The importance of accurately modelling soot and radiation coupling in laminar and laboratory-scale turbulent diffusion flames

Abstract

Ultrafine and highly light absorbing soot particles have been known to be harmful to human health and a major climate forcer. Understanding the mechanisms of soot formation and developing reliable and robust soot models are essential to design efficient and clean combustion systems. Thermal radiation is often the dominant heat transfer mode in both turbulent and laminar flames and affects soot formation through its influence on temperature. Significant progress has been made in modelling soot formation, thermal radiation transfer, and turbulence radiation interaction in hydrocarbon flames over the last three decades. However, the optically thin approximation has still been used to simplify thermal radiation transfer modelling and turbulence radiation interaction has often been neglected in soot formation modelling without proper justification. In this paper, soot models developed for laminar and laboratory scale turbulent jet diffusion flames, non-gray radiative heat transfer models, and turbulence radiation interaction models are reviewed.
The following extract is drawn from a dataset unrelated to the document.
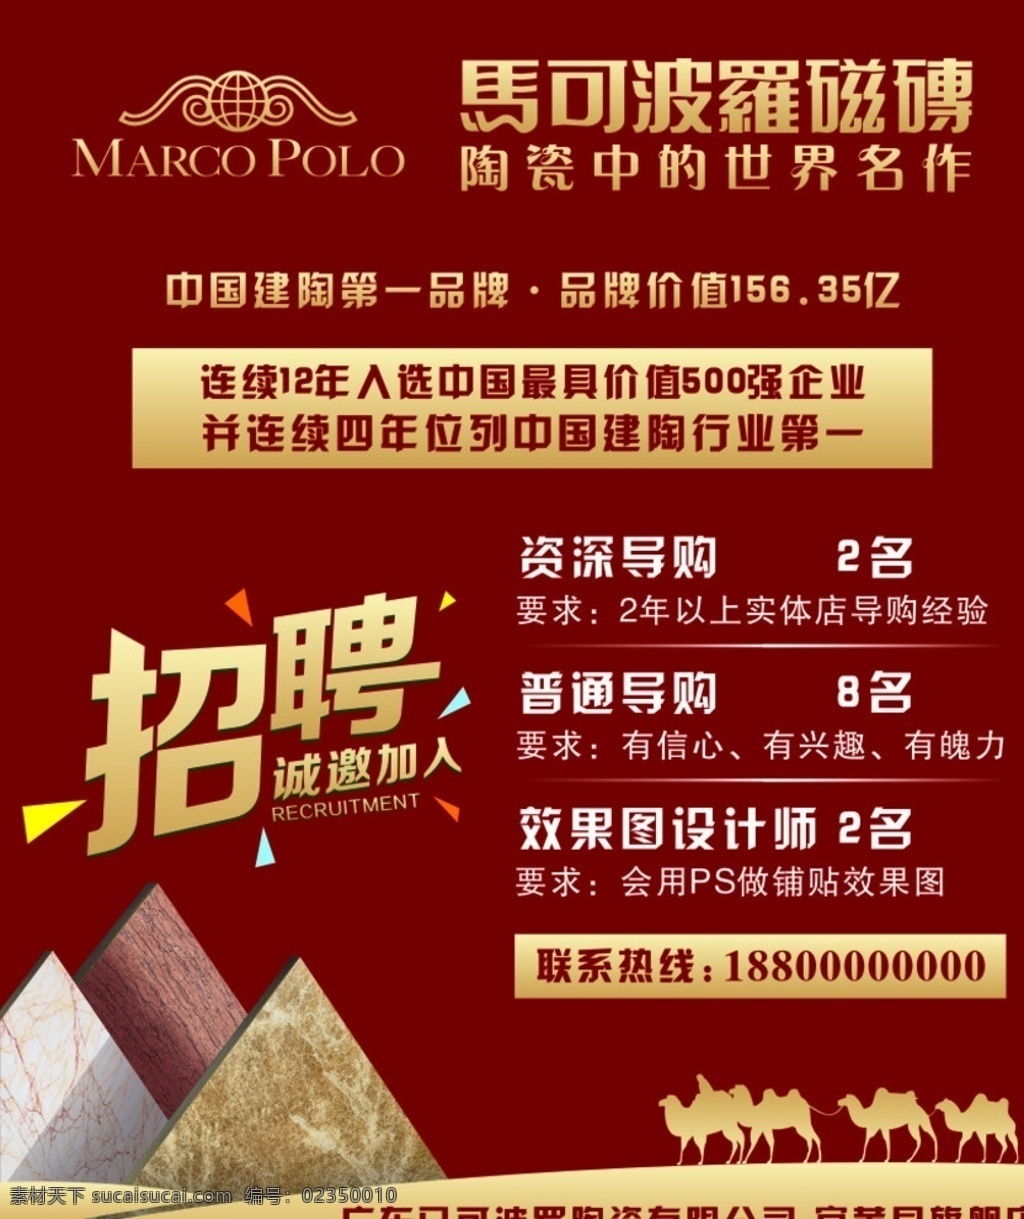 宜黄县 马可波罗 磁砖 招聘 海报 喷绘 室外 写真 瓷砖 活动 广告 招人 金色 2016 年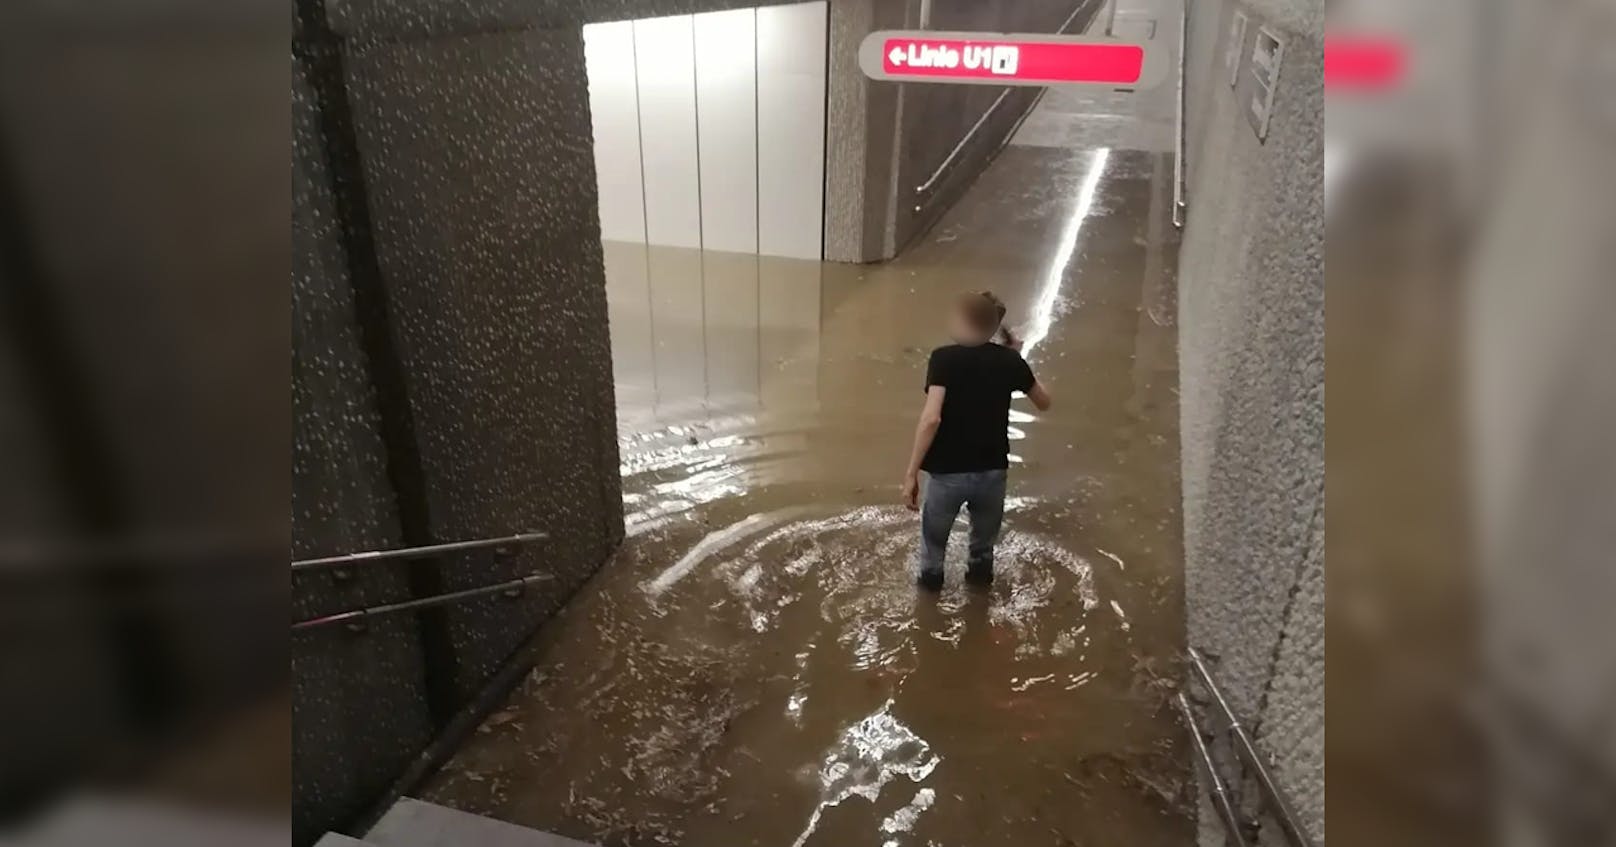 Ein Wiener musste durchs kniehohe Wasser waten, um zur U-Bahn zu kommen

The aim of this review is to highlight the importance of thermal radiation heat transfer in both laminar and turbulent diffusion flames and turbulence radiation interaction in turbulent jet diffusion flames. Use of the optically thin approximation is often not justified even in laminar diffusion flames. This is particularly true in diffusion flames at elevated pressures or microgravity. Although the prediction of soot in both laminar and turbulent flames is primarily influenced by soot kinetic model, it is also significantly affected by aerosol dynamic model, thermal radiation heat transfer model, and turbulence radiation interaction model. It is important to accurately model soot aerosol dynamics and non-gray thermal radiation transfer in laminar diffusion flames and additionally to adequately model turbulence radiation interaction in turbulent flames for the purpose of validating reaction mechanisms and soot kinetic models.